An expert said that skepticism about Yu’s statement may be caused by two reasons. One is that the vaccines the executives from the China National Pharmaceutical Group took are still in trials, another is that the CCP covered up the real timeline of CCP virus’s outbreak.

Self-experimentation Before Clinical Trials?

The CNPG executives also allegedly took the vaccines right after animal studies and before clinical trials in March 2020, when the safety and efficacy of the vaccine was still uncertain, Tang Jingyuan, a China affairs commentator said.

Various media reports appear to support Tang’s assessment.

Liu Jingzhen, Secretary of the Party Committee and Chairman of Sinopharm, also claimed in a talk show on July 21 last year that he had received the experimental vaccines.
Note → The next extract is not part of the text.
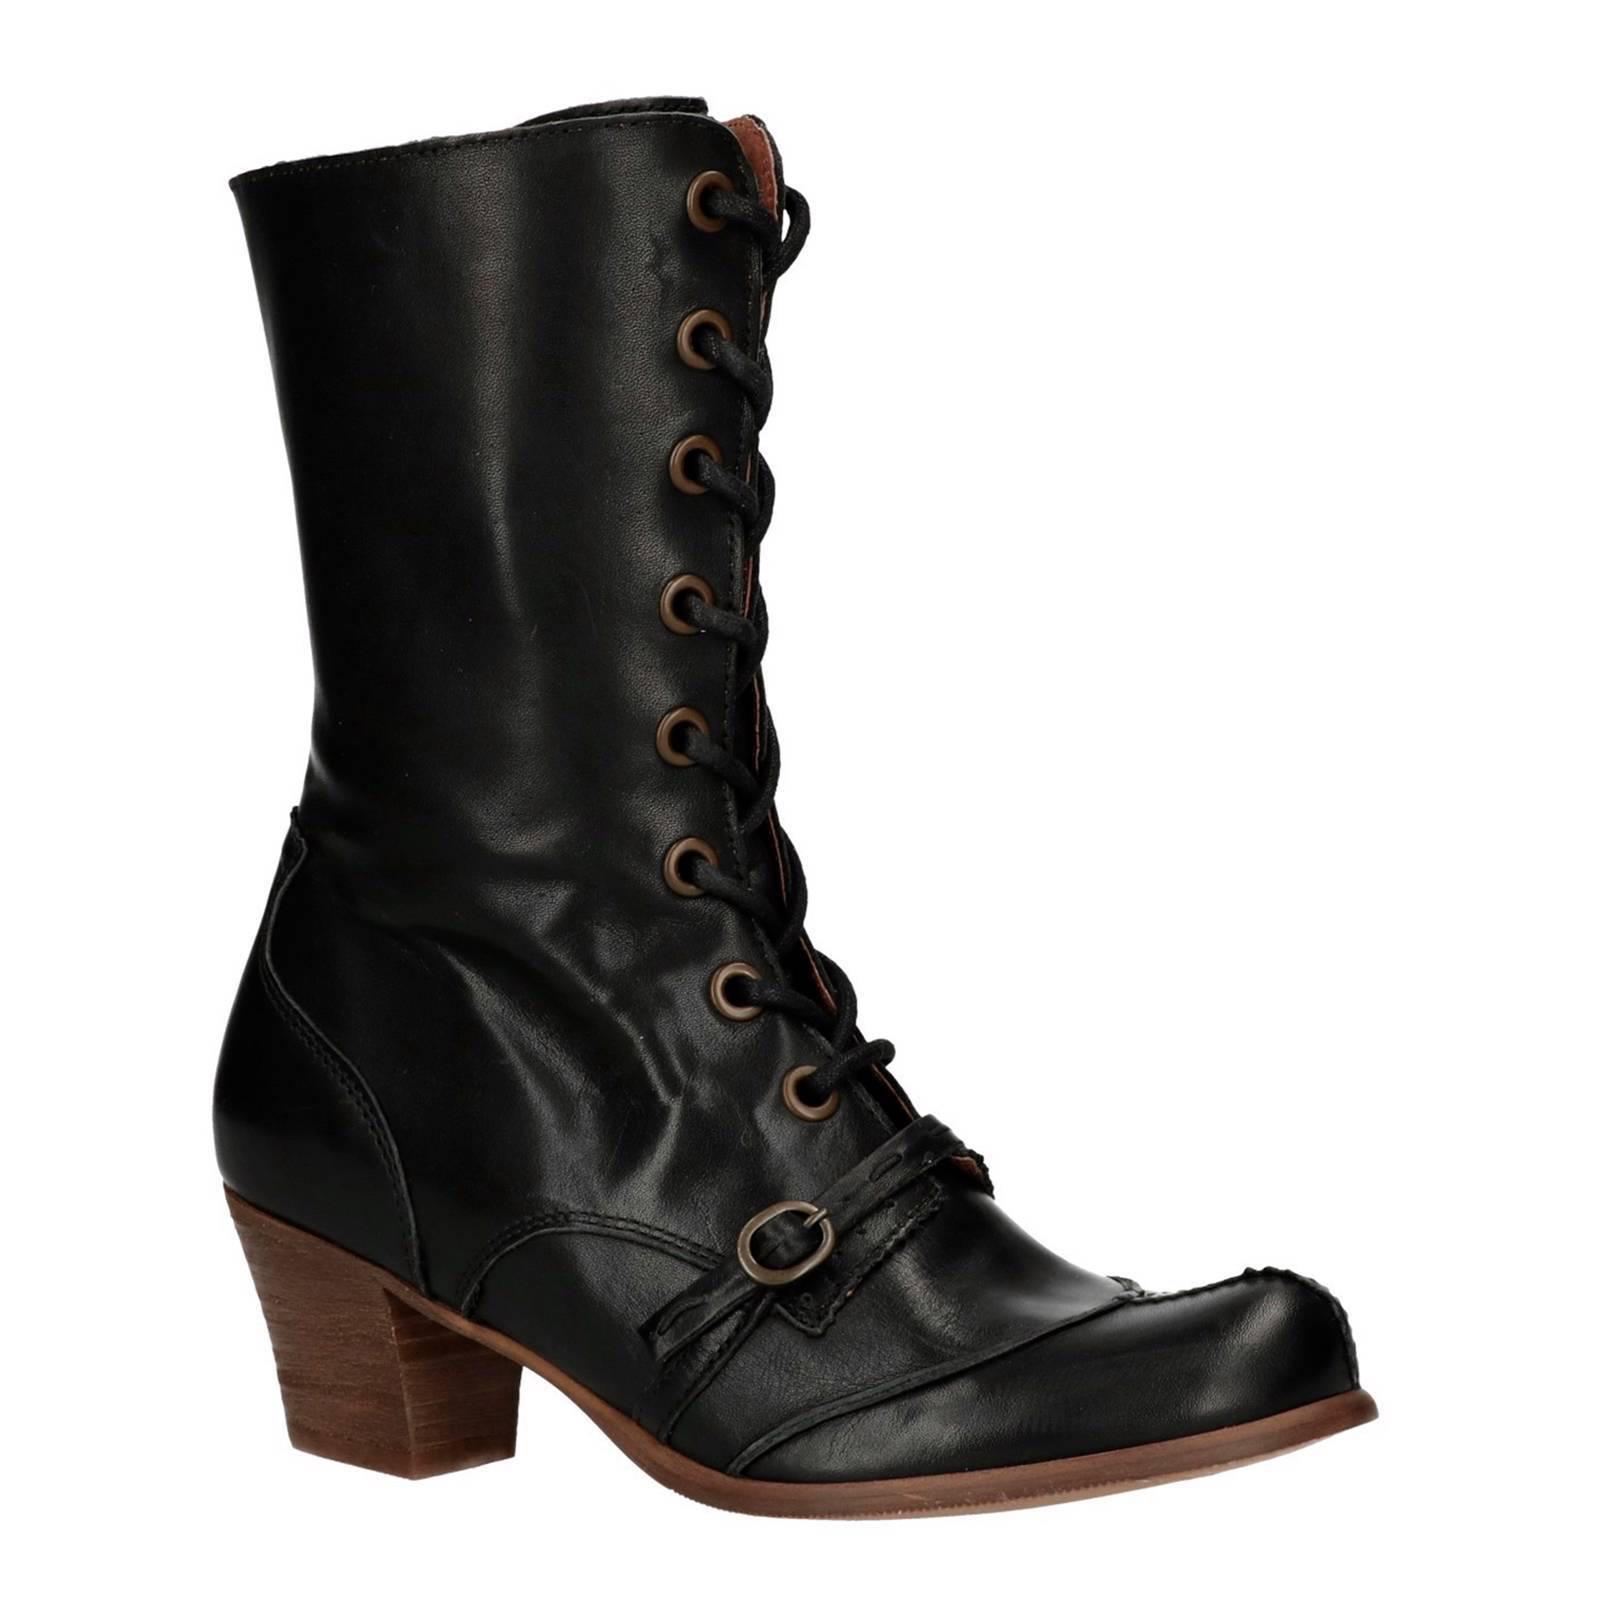 Sacha Dames (Half) hoge laarzen

According to Liu, the Sinopharm vaccine entered Phase 1 and Phase 2 clinical trials on March 12, 2020. In other words, what Sinopharm management received could have been pre-clinical vaccines that were still in the animal testing phase.
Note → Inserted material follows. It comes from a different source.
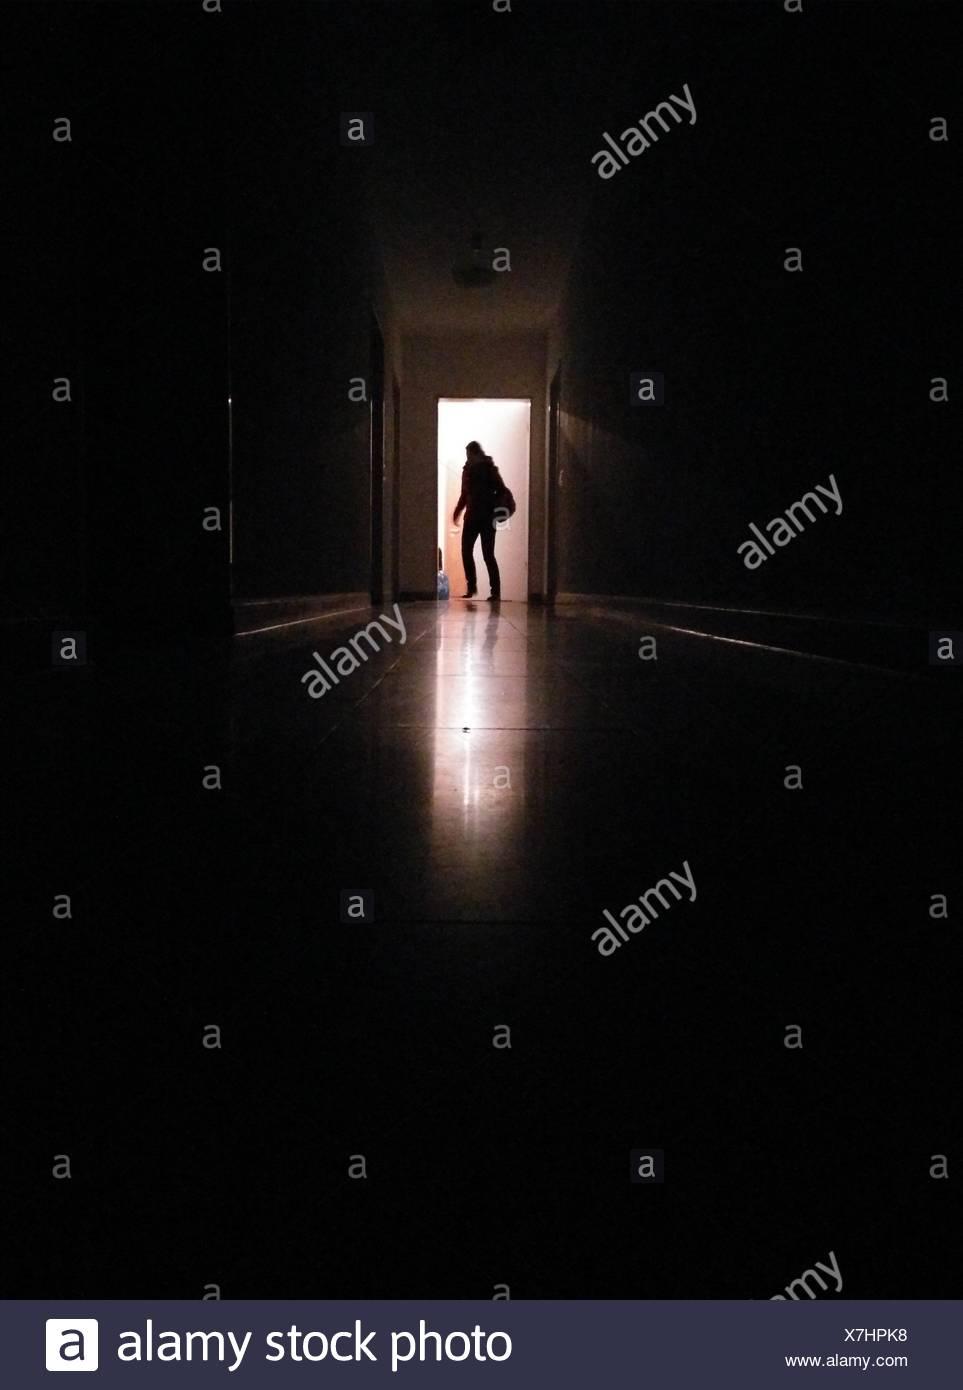 Silhouette persona nel corridoio entrando in camera illuminata Immagini Stock

On Aug. 8, 2020, Liu told Guangming Daily that since Feb. 16 that year, Sinopharm had conducted seven animal tests in accordance with international practices, and carried out “small-scale human tests” before entering clinical trials.
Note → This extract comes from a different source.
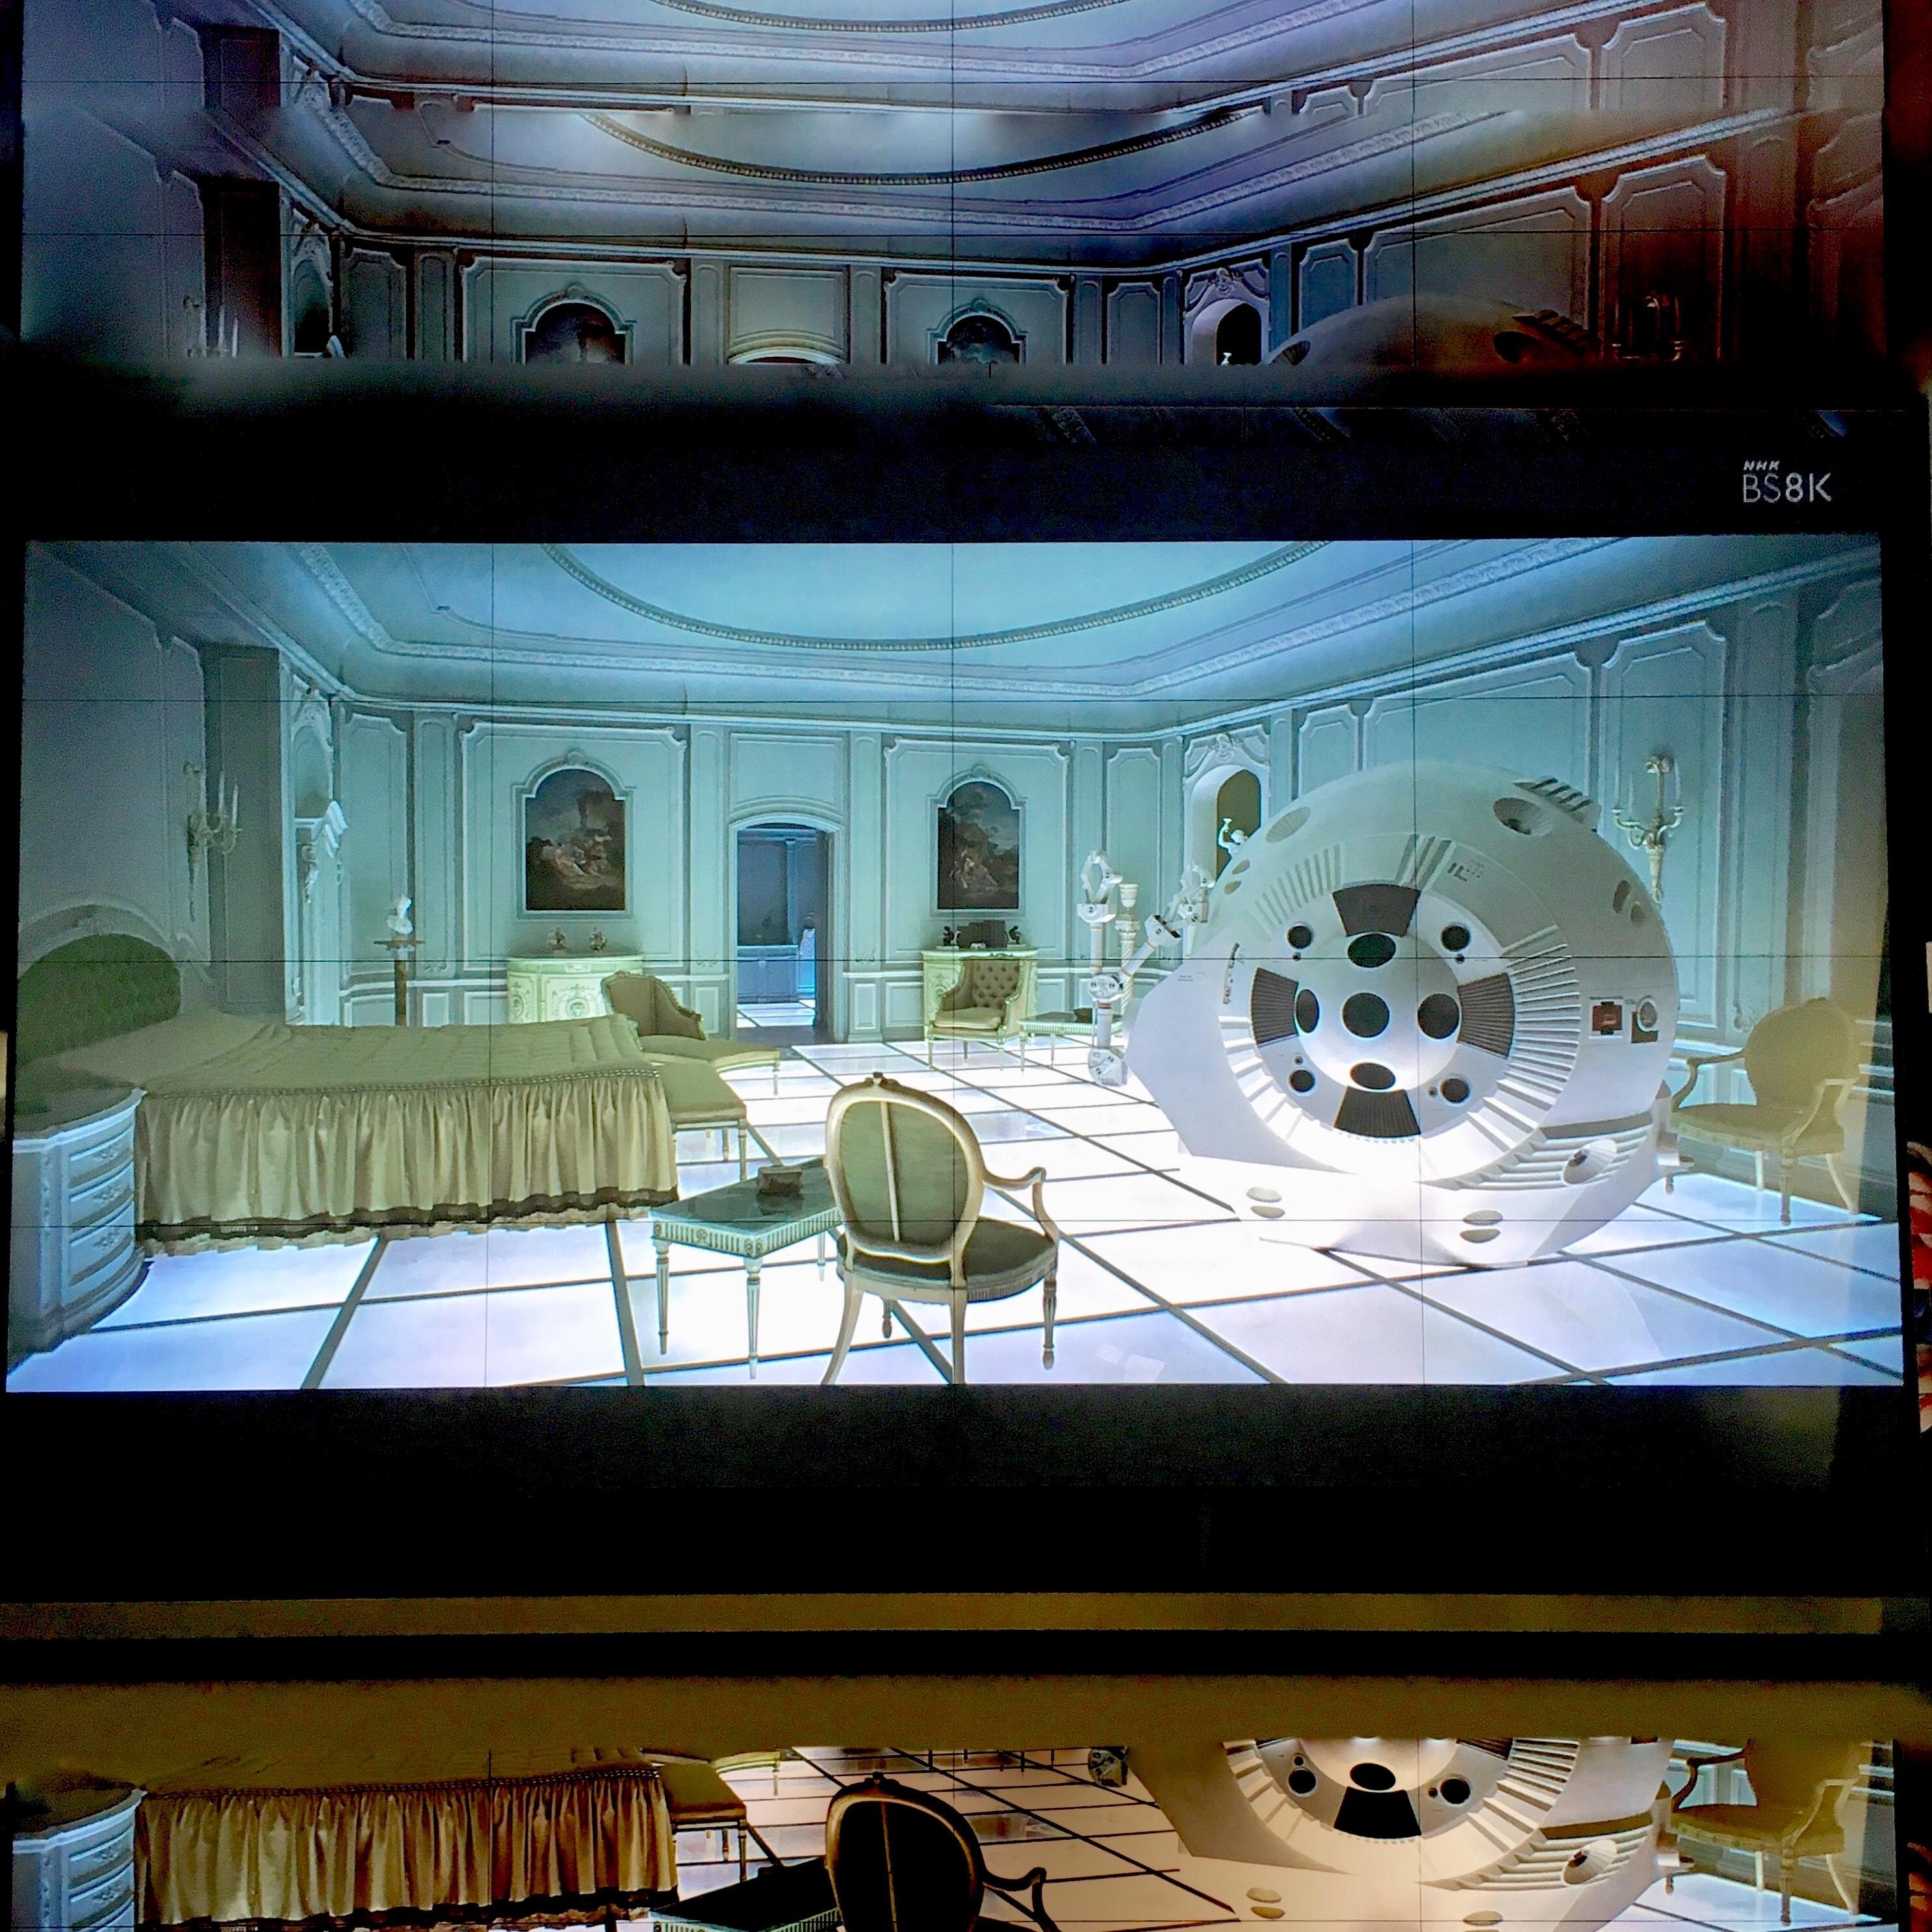 「2001年宇宙の旅」8K 宇宙初オンエアに大感謝(^^)

When asked about his conditions after receiving the injection, Liu said “there was no adverse reaction.” Liu also boasted about the first and second domestic clinical trials of the Sinopharm experimental vaccine on CCTV, “There was no case of serious side effects, and the effectiveness can be said to be 100 percent.”

New Proof of CCP’s Cover-up of the Pandemic?

The statement from Yu and other CCP officials also reveal another possibility: the CCP has been covering up the date of the CCP virus outbreak.

It seems to confirm the time when the virus was suspected to have caused illness, before the first publicized Wuhan outbreak.

Tang pointed out that the CCP officials’ vaccination a year ago coincided with a report on the source of the virus released by the U.S. State Department.

According to this report, many employees of the Wuhan Institute of Virology had symptoms similar to the illness of CCP virus (COVID-19) as early as the autumn of 2019, before the first identified case of the outbreak.
It’s possible that the R&D for vaccines had started way before January 2020 when CCP officially recognized the Wuhan outbreak, Tang stated.

Concerns of Safety and Efficacy of China’s Inactivated Vaccines

What CNPG developed is a type of inactivated vaccine which is widely regarded to be able to be developed faster and easier than regular vaccines used in Western countries.

Concerns about the safety and efficacy of China’s vaccines arose after Yu’s statement.

Healthcare Workers Protest Being Given Sinovac Vaccine Instead Of Pfizer-BioNTech in Manila, Philippines, on Feb. 26, 2021. (Ezra Acayan/Getty Images)
Healthcare Workers Protest Being Given Sinovac Vaccine Instead Of Pfizer-BioNTech in Manila, Philippines, on Feb. 26, 2021. Ezra Acayan/Getty Images

Among the four vaccines approved for conditional commercial use in China, with the exception of the adenovirus vector vaccine for COVIC-19 jointly developed by Chen Wei’s team with CanSino Biologics, the remaining three are all inactivated vaccines, including two vaccines from Sinopharm and one from Sinovac Biotech.

Chen is a major general and epidemiologist in the People’s Liberation Army (PLA) Academy of Military Medical Sciences.

As CCP officials bragged about the speed of vaccine development in China, Tang—who has a medical professional background—worried about the high risk and loss of immunity that could result in taking inactivated vaccines.

“Due to its complex composition, there is a risk of virulence recovery in vivo,” he said.

In addition, the CCP virus may trigger an antibody-dependent enhancement (ADE) effect. As a result, not only will the vaccinated persons will not be protected, but the condition could become more serious.

Tang said the highly specific inactivated vaccines may lose their effectiveness on viruses that are constantly mutating.